# Donkey or Llama for Guard?



## BothFeet (Dec 3, 2007)

I have decided I need a goat gaurder. I have a herd of about 20 and I just lost one sweet little week old kid  The kid is missing and no remains have been found, but the neighbors say they have lost three and they think it is coyotes. I think it someone's dog but either way, I still want something out there protecting my herd.

LGD can't be done. My husband could never have a dog sleep outdoors, our two dogs sleep with us. He might say the dog would stay outside, but I know any new dog would wind up eating bon bons on the couch after a gravy dinner right next to hubby 

Plenty of donkeys and llamas are available in my area, but which is the better choice? I want my goats protected from dogs or coyotes, there are not mountain lions or big cats in my area and I want an animal that is not expensive to maintain.

Thanks!


----------



## ShyAnne (Jun 18, 2008)

My Mule is very attached to my goats, I say Donkey, but I am an equine fan and my opinion is strictly bias based not on whats *better* at guarding.


----------



## kreddish (Mar 17, 2009)

From what I undersatnd from my DD best friend... Llamas are very protective (she has two), and pending on type, will provide you with lots of fiber and love.... Sorry to hear about the missing kid... it would just break my hart.


----------



## madness (Dec 6, 2006)

We did a lot of research on this before getting guard animals. We have a donkey and will be adding a llama to our fiber herd soon, so I'll be able to give you a first hand answer soon! In the meantime, these are my opinions:

Our donkey is SUPER protective. Every new animal - be it cat, dog, squirrel or chicken, gets a "talking to". With any animal that doesn't back down immediately after the snort, stomp and ears back treatment, the donkey will start kicking. I can't believe some of the chickens survived this! But the donk also responds to what she sees us being friendly to. She now respects that my dog is allowed on the farm (it goes no further than that!) but other dogs are certainly not!

As far as llamas go, What I understood was that they are more of a deterrent just because they are big and will charge an animal. If something actually gets in the pasture and doesn't back down from a charge (most domestic dogs don't seem phased by our donkey's initial approach), the llama doesn't really have any attack mechanism. Coyotes are probably looking for an easy meal, but dogs seem to be braver (actually, I think it's stupider, but that's another story!). I truly believe that if my dog really wanted to get in the goat pasture, the donkey would have to actually cause her harm before she understood she wasn't wanted in there.

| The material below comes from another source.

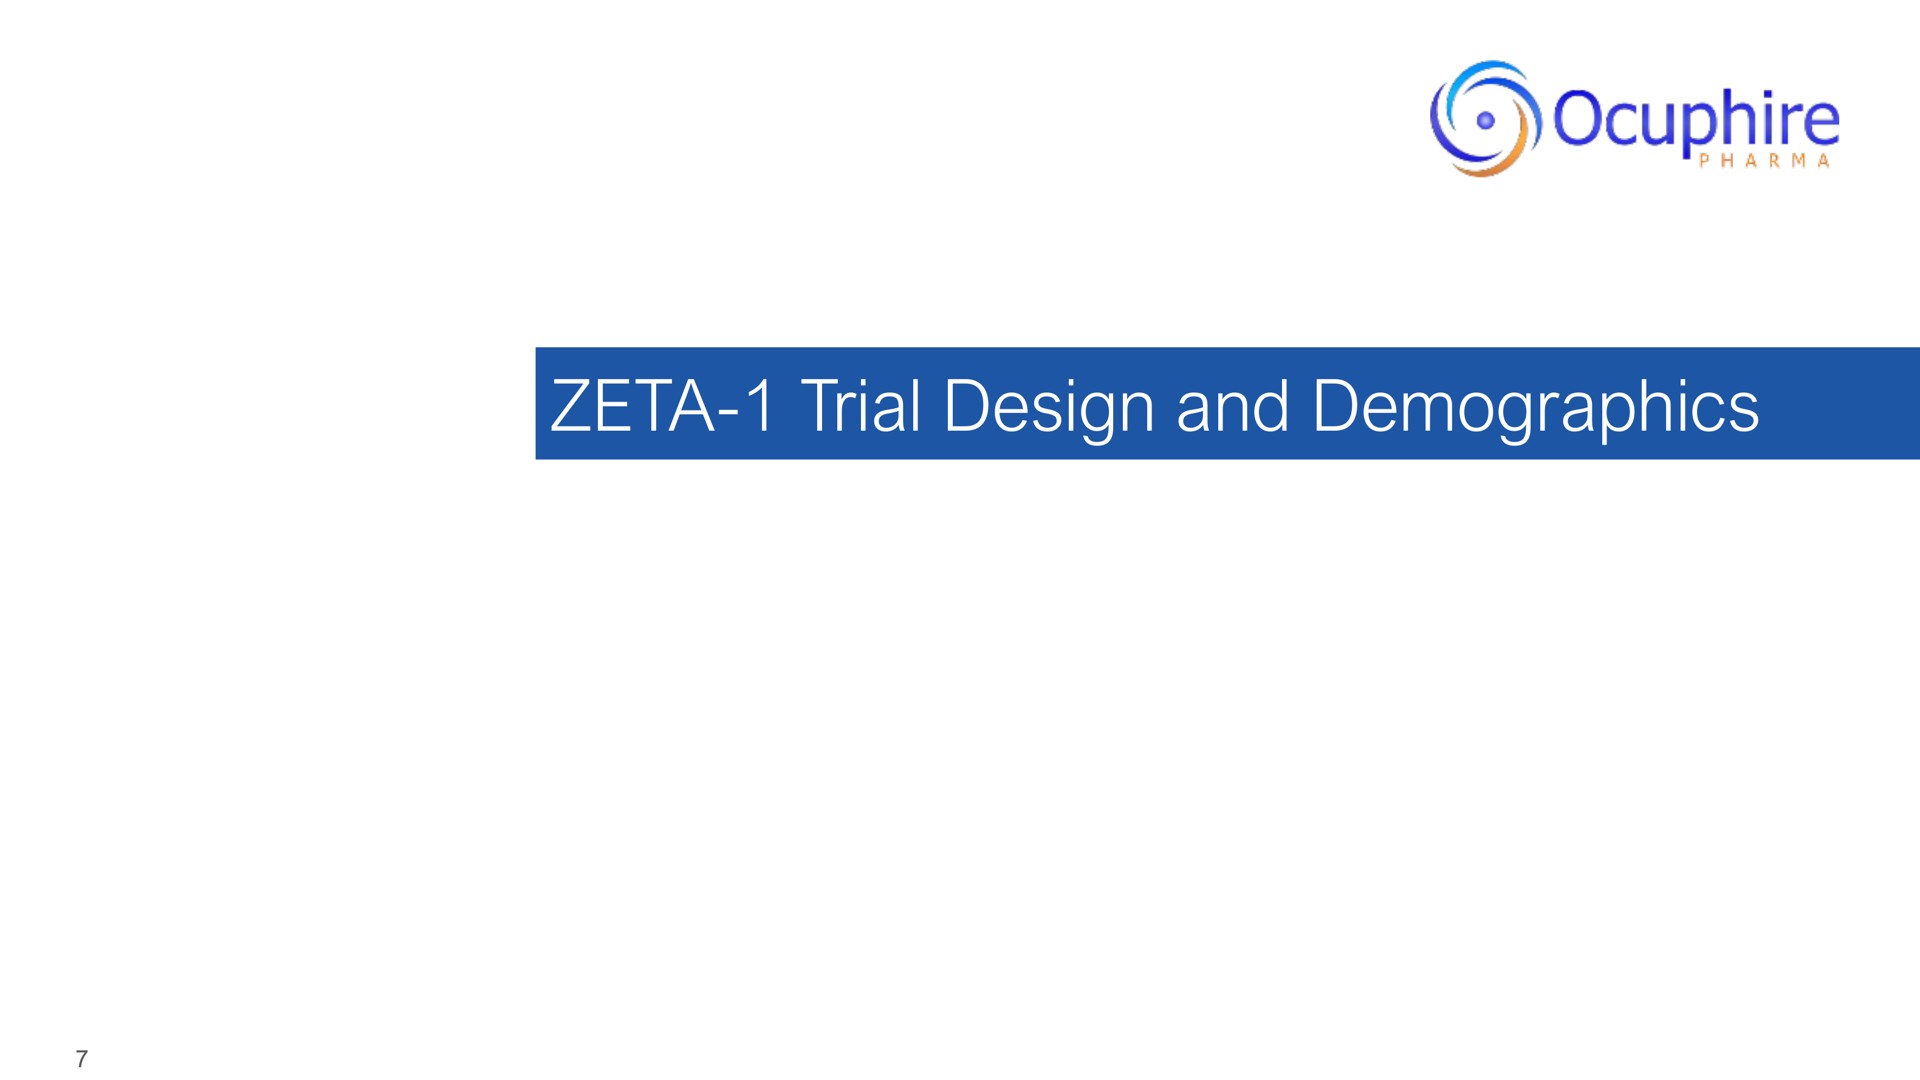 zeta trial design and demographics | Ocuphire Pharma
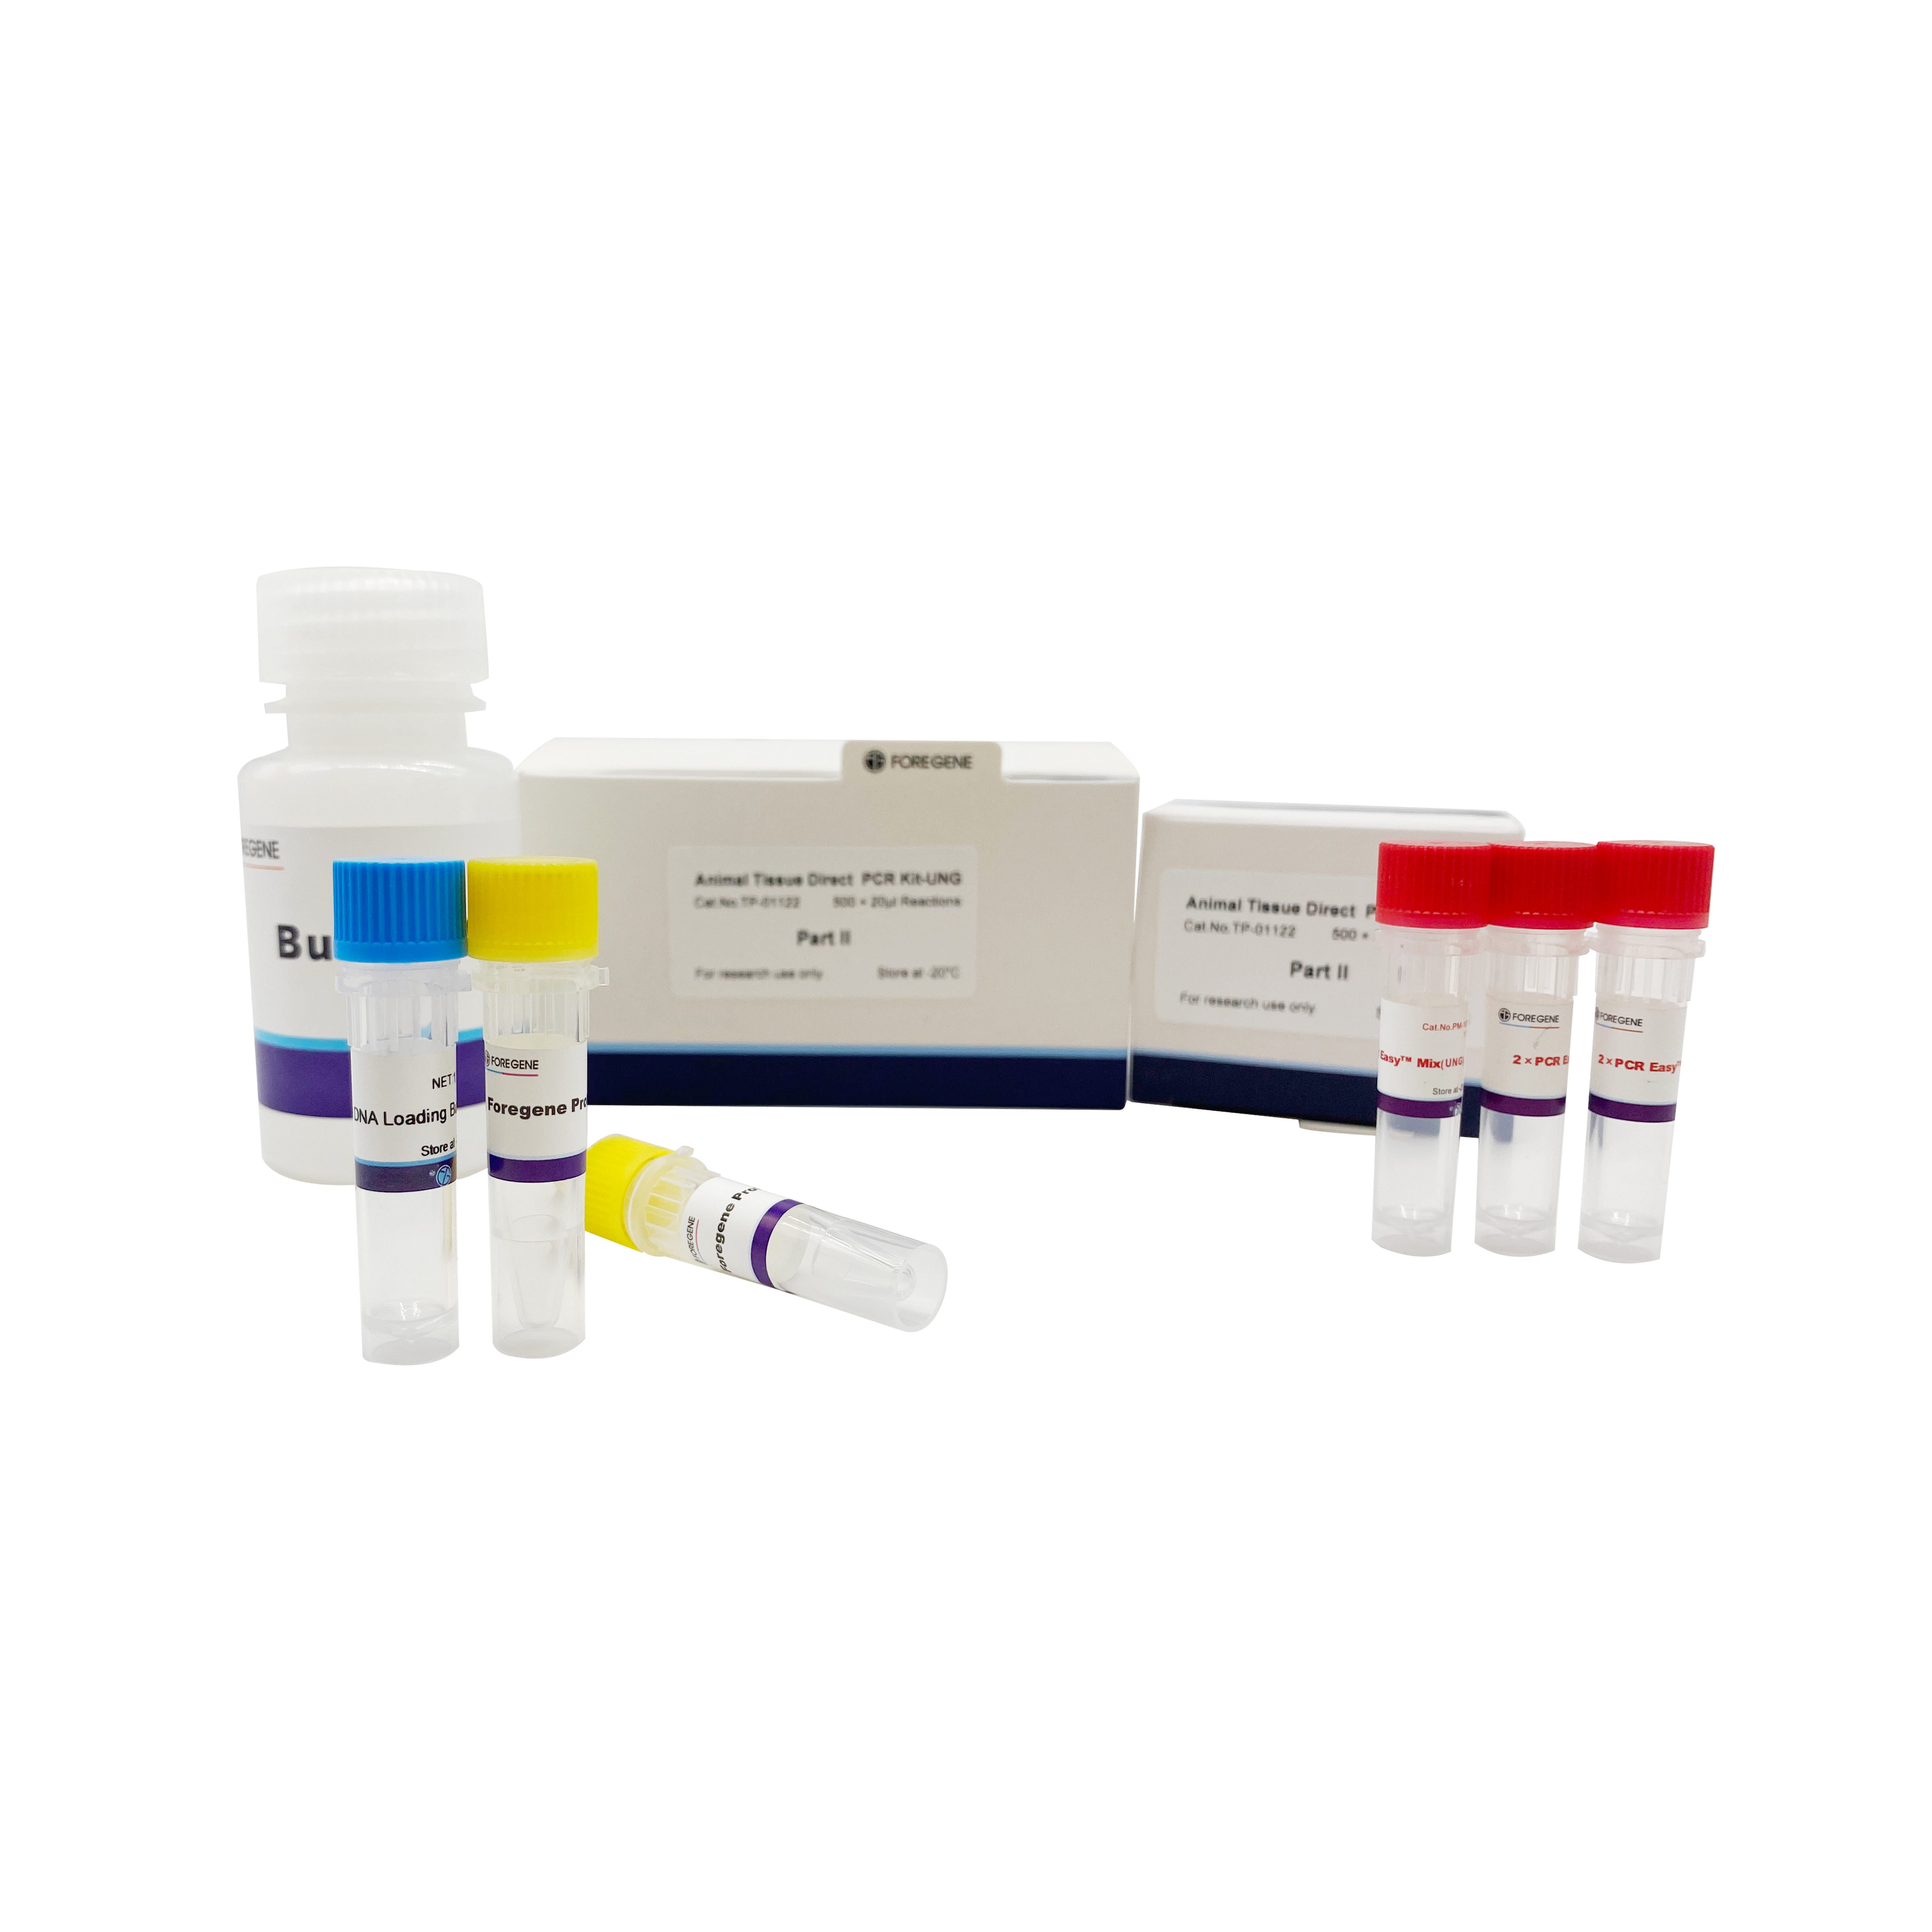 Animal Tissue Direct PCR Kit-UNG (Sonder DNA-ekstraksie)

So I vote donkey for aggressive animal problems and llama for a more passive protection. But I don't have personal experience with the llama so I can't say for sure!


----------



## billooo2 (Nov 23, 2004)

I do not have either one at the moment, but a couple different people that I know have llamas. I would opt for the llama. I do not care if the protective animal kills or harms the predator. I just want my animals safe. The only animal that I have heard of a llama actually killing was a racoon (it stomped it). From what people with llamas have told me......if their llama senses a threat, it herds the animals into the barn.......and then tends to the predator.....and, apparently, its size is adequate to intimidate predators, and persuade them to look elsewhere for an easy meal.
People do say to only get one llama. If you have 2 or more then they will not bond to the animals that you want them to protect. And everyone I talked with recommended getting a female.


----------



## Wendy (May 10, 2002)

I have a llama & she does just that. Will herd them in the barn. Although nothing major can get in my pasture as it is done in cattle panels & we don't have a dog or coyote problem.

I had a couple of mini donkeys & also a standard. I caught the minis swinging a small goat by it's neck. They had been raised with goats, but I still caught them biting them on occasion. So, I vote llama.


----------



## farmerjane (Jan 4, 2009)

I have two llamas and two standard donkeys, I find the donkeys are too rough with the goats and sheep. The llamas, while they are not friendly animals are very efficient.


----------



## Tenn_Farmer (Jul 14, 2006)

I have a medium size donkey and I had bought four goats that I was keeping in the barn until my goat pasture was finished. Well one of the goats got out and my donkey started chasing it around the barn trying to stomp it.  So I would vote for a Llama also.

Tammy


----------



## Tervetuloa (May 2, 2007)

Just something quick to add. I showed llamas in 4H and not every llama is cut out for guarding livestock. Some just don't bond to the sheep or goats. I have no idea beyond that in how to find a suitable guard llama. Just wanted to let you know so you didn't buy the first llama that you found and have it end up as a disappointment.


----------



## madness (Dec 6, 2006)

It's the same with donkeys - don't just get any ol' donkey either! Any guard animal (LGD, donkey, llama) should be from a working line and already raised/trained for the duty. With LGDs and donkeys, you can easily lose stock because of their aggression. Not knowing as much about llamas, I think they would probably just ignore their "duties" and not guard but wouldn't necessarily be harmful to your animals.


----------



## Bearfootfarm (Jul 13, 2006)

Get a DOG and train your DH


----------



## HilltopDaisy (Feb 26, 2003)

Bearfootfarm said:


> Get a DOG and train your DH


I agree. I have three dogs in the house/bed, but the LGD's belong outside with the goats and sheep. They do an excellent job of protecting them. I have Maremma's.


----------